The cost of TIF
It’s not listed on property tax bills, but city and village Tax Incremental Finance projects cost taxpayers, including town residents
Town of Marathon resident Kathy Anderson is no stranger to Tax Incremental Finance (TIF). She served as a City of Wausau alderperson from 1998 to 2004 and, during her career in city government, she got to vote both “yes” and “no” on various TIF development projects.
In casting votes on TIF projects, Anderson knew taxes from people outside of Wausau were being used to help finance the city projects, but, like a lot of things that involve TIF, only vaguely. Thus Anderson, now a township resident, was surprised to learn that she indirectly paid $477 or eight percent of her property tax bill this past year to finance TIF projects all across northcentral Wisconsin.
“I wouldn’t have guessed it was that much,” she said.
The sum is a Record-Review calculation. To get to this bottom line, we figured Anderson’s 2020 taxes if all of the property in Tax Incremental Districts in our area were taxed just like other property. We compared that sum with her 2020 bill. The difference, $477, is her contribution to TIF.

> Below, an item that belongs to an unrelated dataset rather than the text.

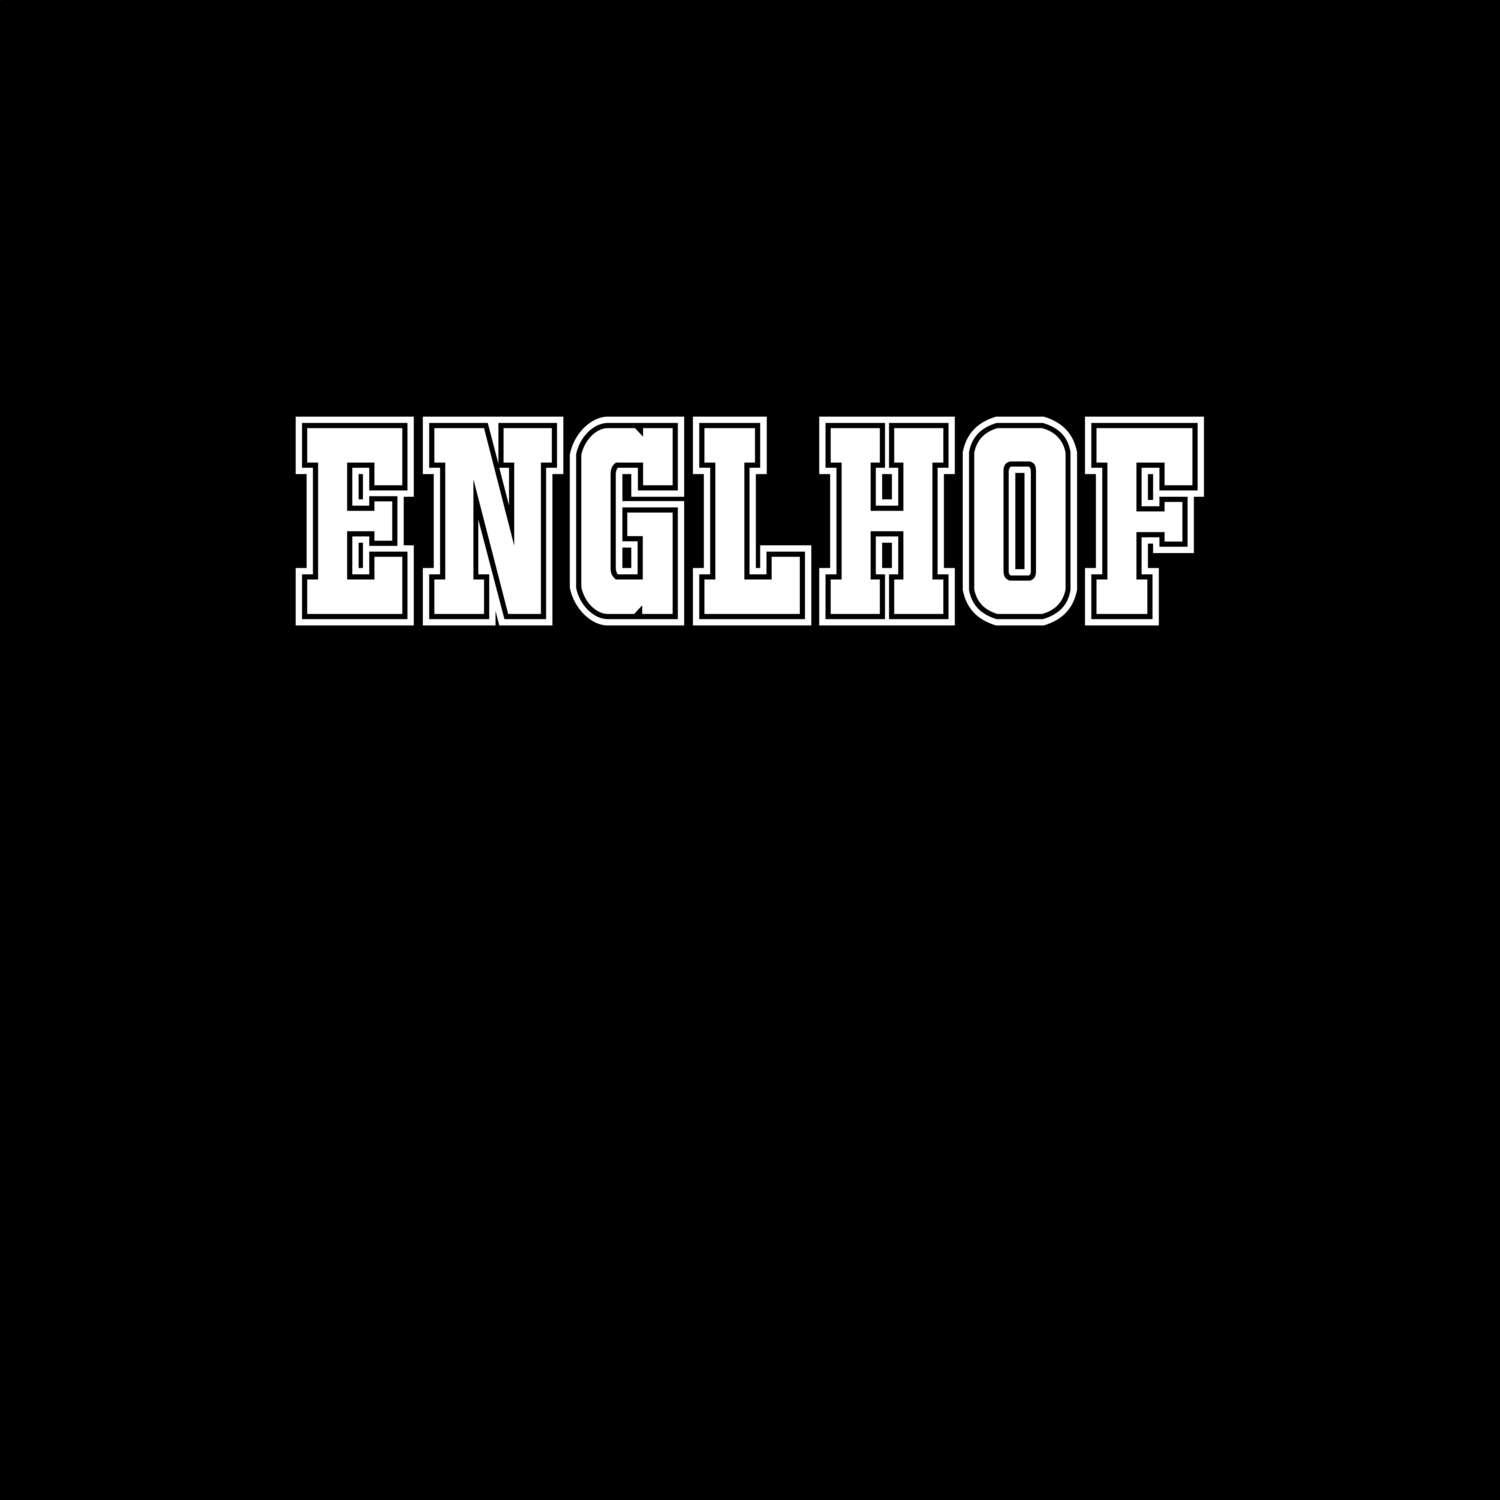 Englhof T-Shirt »Classic«

Here’s how it works. In a TIF district, taxes generated by a new industrial, commercial or residential development are diverted by city and village governments to pay for needed improvements, such as streets, sewers and sidewalks, for as long as 27 years (or even longer, if the districts are “distressed.”) This leaves the county, technical college and K-12 school not getting those taxes. They respond by increasing the tax burden on everybody else by the amount they don’t get.
These higher levies are not a direct property tax listed on anybody’s annual bill. Instead, it is indirect taxation.
The Record-Review has calculated these TIF taxes for residents of our four local school districts in the 2020 tax year on an average-priced home ($158,756):
_ Athens School District, $127.34.
_ Edgar School District, $112.72.
_ Marathon School District, $188.92.
_ Stratford School District, $155.58.
Anderson doesn’t begrudge paying her property taxes, including the portion that indirectly finances TIF.
She is irked, however, that her indirect payment of TIF taxes isn’t clearly spelled out on her property tax bill. “You are dealing with public money,” she said. “You need transparency.”
Anderson, too, is bugged that while she is helping to pay for TIFs she doesn’t have much say in what’s approved or not approved.
For example, the town of Marathon resident knows that the neighboring Village of Marathon City has used TIF funds to finances various development projects Anderson thinks she should have the opportunity to say something about TIF funded projects if she is helping to pay for it. It’s a taxation and representation concern. Under state law, all TIFs are reviewed and approved by a Joint Review Board. The board is made up of representatives from the village or city, county, tech school and K-12 school. This body, however, typically only looks at overall TIF plans and finances. It doesn’t consider possible citizen objections to any specific project.
That leaves Anderson disappointed with TIF projects and how rural people, like herself, help fund them.
“TIFs are very hard to deal with,” she said.
Mike Koles, executive director of the Wisconsin Towns Association, has heard Anderson’s complaint before and he has a suggestion to answer it.
He suggests the citizen member of a Joint Review Board be a township resident. This person could voice township concerns about TIF projects. “The Joint Review Board doesn’t talk about the concerns town residents might have per se,” he said. “There is, for example, a school district resident on the board, but this person typically talks about concerns that all residents might have. If you had a town resident, there would be a focus on township concerns.”
One of these concerns, Koles said, is whether use of TIF in a project is truly a remedy for “blight” or whether it is accelerating urban sprawl, gobbling up township tax base through repeated annexations. A second concern is whether taxpayers will see an actual return on investment from their tax dollar once the 27-year life of a project lapses.
He thinks a town resident on a Joint Review Board would demand village and city planners be accountable for the investment people outside their borders are making in indirect TIF taxes.
Koles said it would take an act of the legislature to change the composition of the Joint Review Board and that this might be difficult to achieve, given urban support for TIF in Madison.
Still, he thinks town residents earn a spot on the Joint Review Board given their financial support for TIF.
Kathy Anderson is on board.
“I think it would be an excellent idea,” she said.
Anderson said Joint Review Boards with township representation would help urban communities and their rural neighbors be better partners.
“Towns and villages need to work together,” she said. “They need each other. In my own mind, I don’t divide them.”